With the battle over tablets ready to explode this year, the fact manufacturers are increasingly enabling their smartphones to act as mobile hot spots poses intriguing scenarios for drivers and passengers.
Apple may have made its usual splash with the iPad 2, but its recent iOS 4.3 update added something it calls Personal Hotspot, which is just another term for mobile Wi-Fi. The new feature turns the iPhone into a mobile hot spot and allows up to five devices to tap into its 3G data connection using Wi-Fi.
Tethering an iPhone to a computer was already possible going back to 2008, and even Google rolled out mobile hotspot capabilities with its Android 2.2 release, though not every phone using it could actually access it.
But mobile hot spots are here to stay. And having tried them over the course of a week - sometimes with passengers and sometimes without - I like how it all works. Why bother getting a pricey shared data plan like the one Rogers offers when you can harness your smartphone's data plan to connect other devices. It's certainly easy, since you just turn the feature on, choose a password and let others connect.
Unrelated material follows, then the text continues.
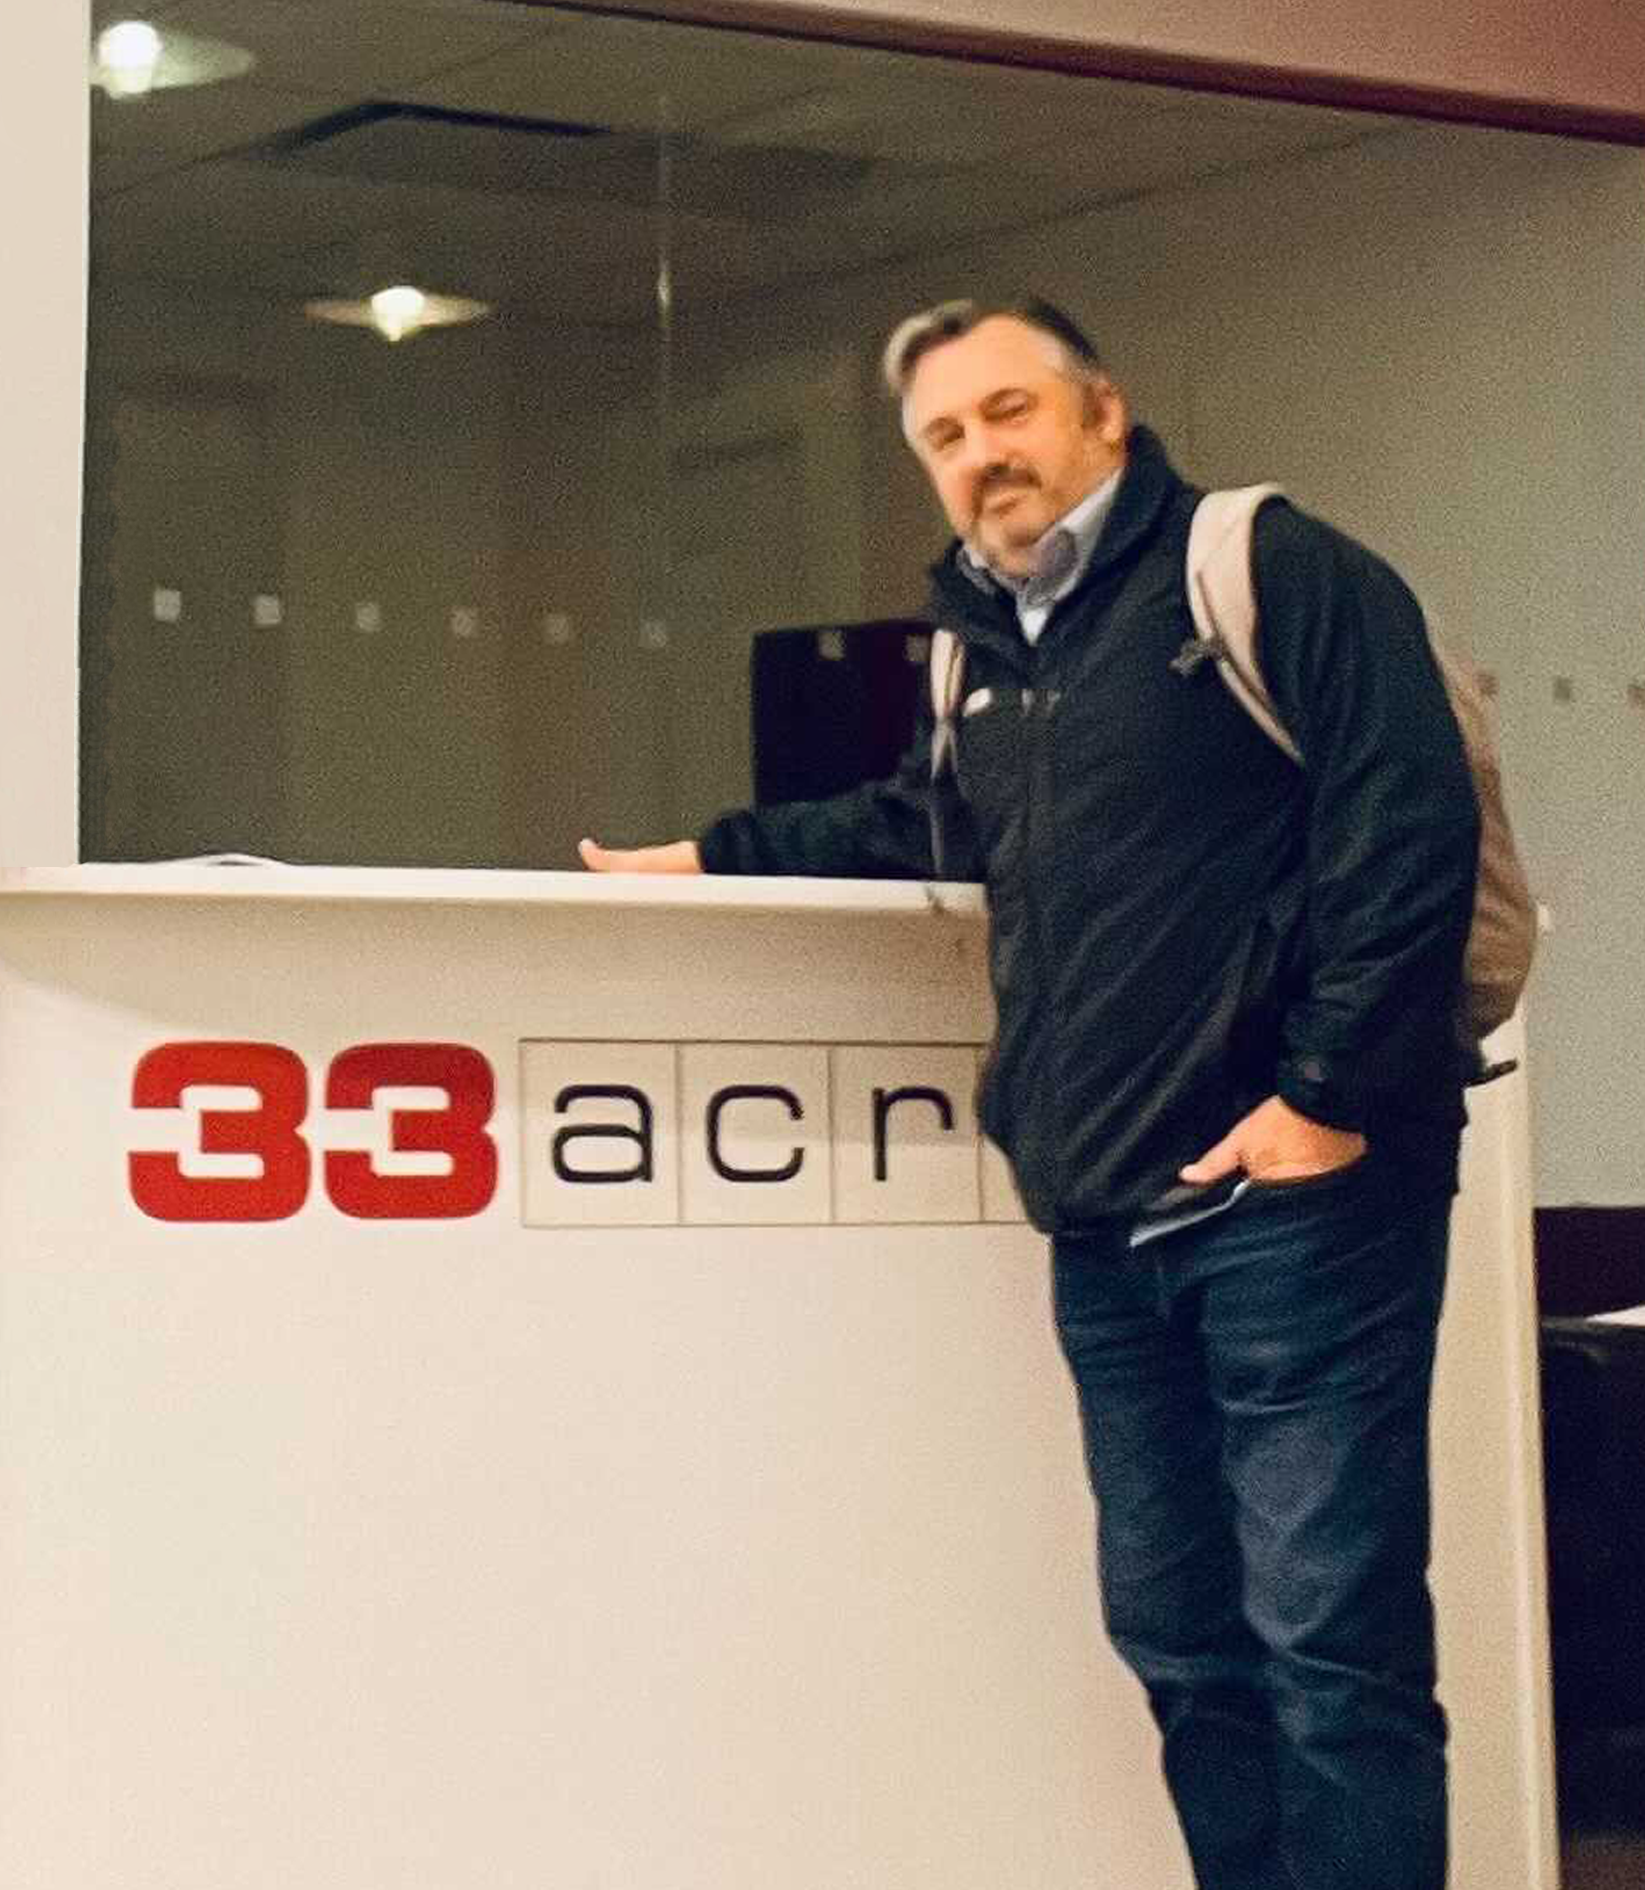 John stood in front of 33Across reception desk at the New York office

The unfortunate part is that carriers can decide to disable the feature on a phone, if they want. Rogers had initially flirted with that idea when iPhone tethering incurred no extra costs, but just left it alone in the end. It's likely that the carriers will probably let this one go, too.
The timing behind this is also unique because of the influx of tablets the market will absorb this year. Tablets are data-heavy devices, and experimenting with an iPad this way proved to be a lot of fun. Passengers could browse the web, navigate maps and traffic, stream video remotely from home and on and on. Even using the Kindle or Kobo apps, downloading e-books was a breeze. In fact, those with e-readers could just as easily log in and do the same thing.
True, these things could generally be done with a smartphone alone, but the point is that others can make use of the data on your phone without ever touching it. Granted, most data plans offered by the carriers aren't flush with tons of disposable data to use, but my hunch is that most users are probably not approaching anywhere near their cap anyway. And if the demand for more continues, the carriers may have to relent and provide better plans. Here's hoping they might.
One message that auto makers have touted lately, in tandem with consumer electronics companies, is the idea of Wi-Fi in the car. With mobile hot spots, it's already a reality. If there are built-in apps in a car, they could just piggyback off the smartphone's data plan to connect.
But the setup has more to do with how the other connected devices interact with the Internet and each other. For example, having two kids playing video games in the back seat could be very different if a mobile hot spot enables them to play against each other. Same goes for uploading photos from a road trip and transferring them to someone sitting in the back with a tablet ready to edit them.
The rest of this year will see this kind of functionality and connectivity grow more and more, particularly as it moves from early adopters to the mainstream. Of course, having multiple devices eat up data simultaneously isn't always ideal, and there could be some lag when you have one passenger playing a game online, while another tries to stream live TV.
Still, the fun of it is in trying, and being able to keep yourself and others connected when your wheels are turning.